Officials in Biden’s new administration prepared the country for ongoing difficulties in the days following the inauguration. The president-elect took control of a troubled economy and a rapid coronavirus outbreak in less than three days.
Ron Klain, the new chief of staff to the President-elect of the White House, Joseph R. Biden Jr., had a poor prognosis for the course of the coronavirus outbreak in the first few weeks of the new administration, predicting half a million Americans will experience the aftermath of the Coronavirus will have died by the end of February. The current toll is 400,000.
“The virus will get worse before it gets better,” Klain said in an appearance on CNN’s State of the Union. “People who contract the virus today will get sick next month and will increase the death toll in late February, even March.
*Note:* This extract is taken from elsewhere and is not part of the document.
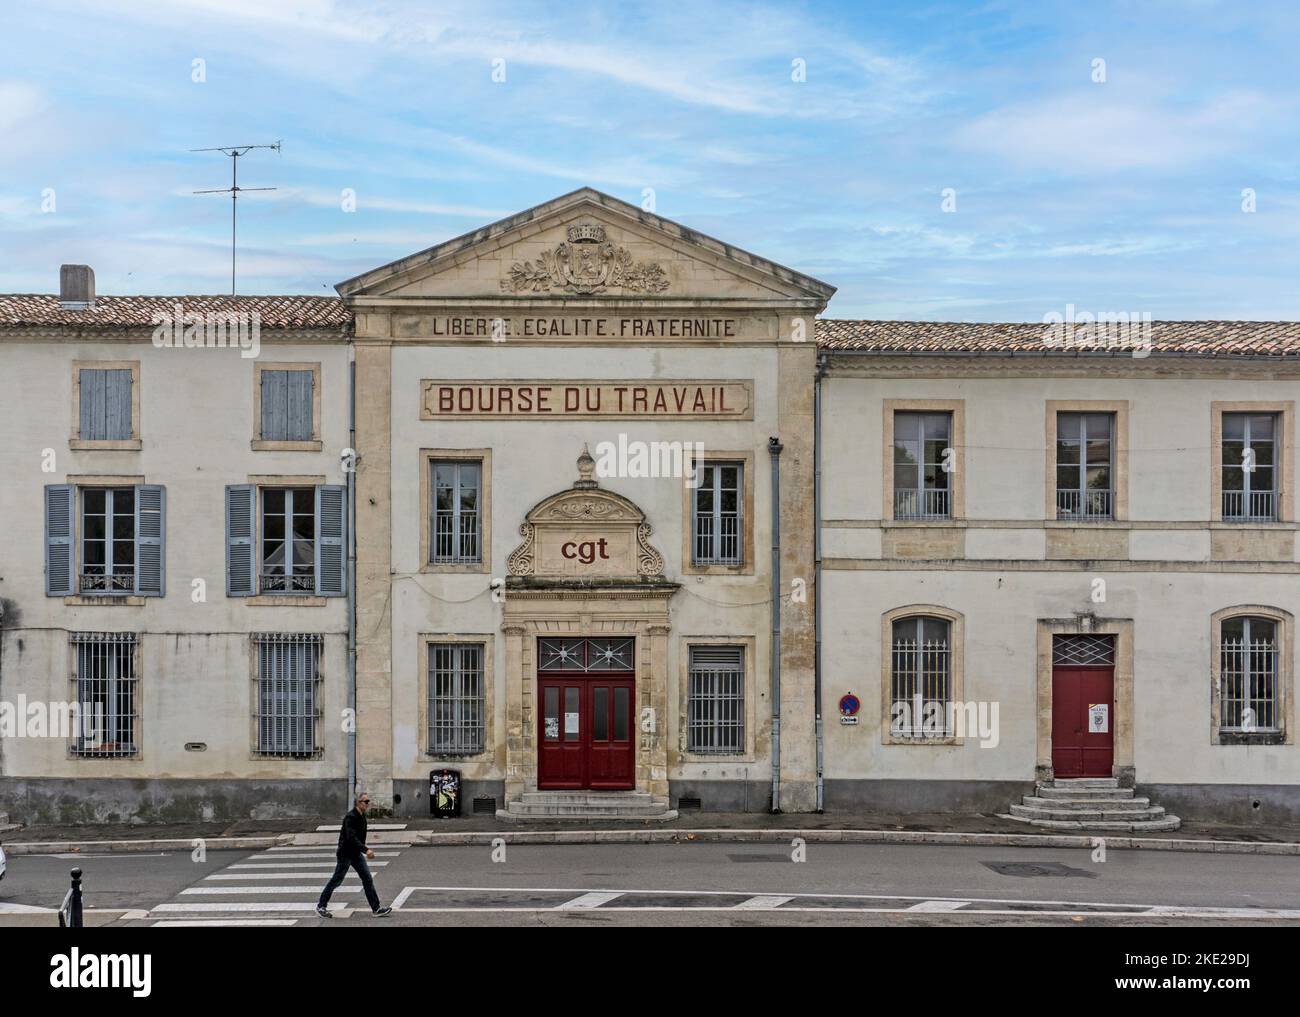 Die Bourse du Travail in Arles, Frankreich. Arbeitsbörse, historisches Gebäude, Arles. Stockfoto

So it will be a while before that changes.”
The average daily deaths in the United States from the virus have risen to well over 3,000, and the Centers for Disease Control and Prevention has sounded the alarm over a fast-spreading, far more contagious variant of the coronavirus, of which the official project is the dominant source of infection will be the country by March, potentially leading to another wave of cases and deaths.
In comments aimed at states’ disappointment that there was no reserve of additional vaccines that the Trump administration had promised to release, he said his team was “a big mess” over the manufacture and distribution of vaccines have inherited.
“But we have a plan to fix the problem,” said Klain, referring to a federal vaccination campaign that Mr Biden announced on Friday. “We believe there are a few things we can do to speed up the delivery of this vaccine.”
He particularly criticized President Trump’s handling of the coronavirus pandemic, who had served as “Ebola Tsar” under President Barack Obama during an outbreak of the deadly disease in his second term. A video of Mr Klain briefing Mr Trump about the pandemic was circulated widely during the campaign.
Trump administration officials last week urged states to relax eligibility criteria and begin vaccinating all Americans aged 65 and over. Some states, including New York, were quick to respond, creating interest and confusion as thousands of newly admitted people searched for dates to get vaccinated.
However, it found that there was no supply of extra doses of vaccine waiting to be distributed to these states – just the amounts already promised, much of which would be given as a second dose to people who had already received their first doses .
Dr. Anthony S. Fauci, director of the National Institute for Allergies and Infectious Diseases, said Sunday that he too had tried to clear up the confusion about how many doses were held by the federal government and where they were going.
“I think there was just a misunderstanding,” said Dr. Fauci on NBC’s “Meet the Press”. “When the doses were released, an equal amount was withheld to ensure that those who received their first doses were clearly getting their second doses if there was any disruption in the flow of supply,” he said.
When it was clear that the vaccine production would be reliable, he added, “The decision was made rather than just giving enough for the first dose and holding back for the second dose that once she received the available doses, she would give it because now they would have confidence that the next amount they would get. “
Brian Deese, the new head of the National Economic Council, also stressed the urgency of approving a $ 1.9 trillion stimulus plan that the new administration in Biden unveiled last week to aid the recovery effort, citing Data suggesting rising unemployment and more Americans going hungry.
“The truth is, we are at a very precarious moment,” Deese said in an appearance on Fox News Sunday. “We have an acute economic crisis and a human crisis and we need decisive action.”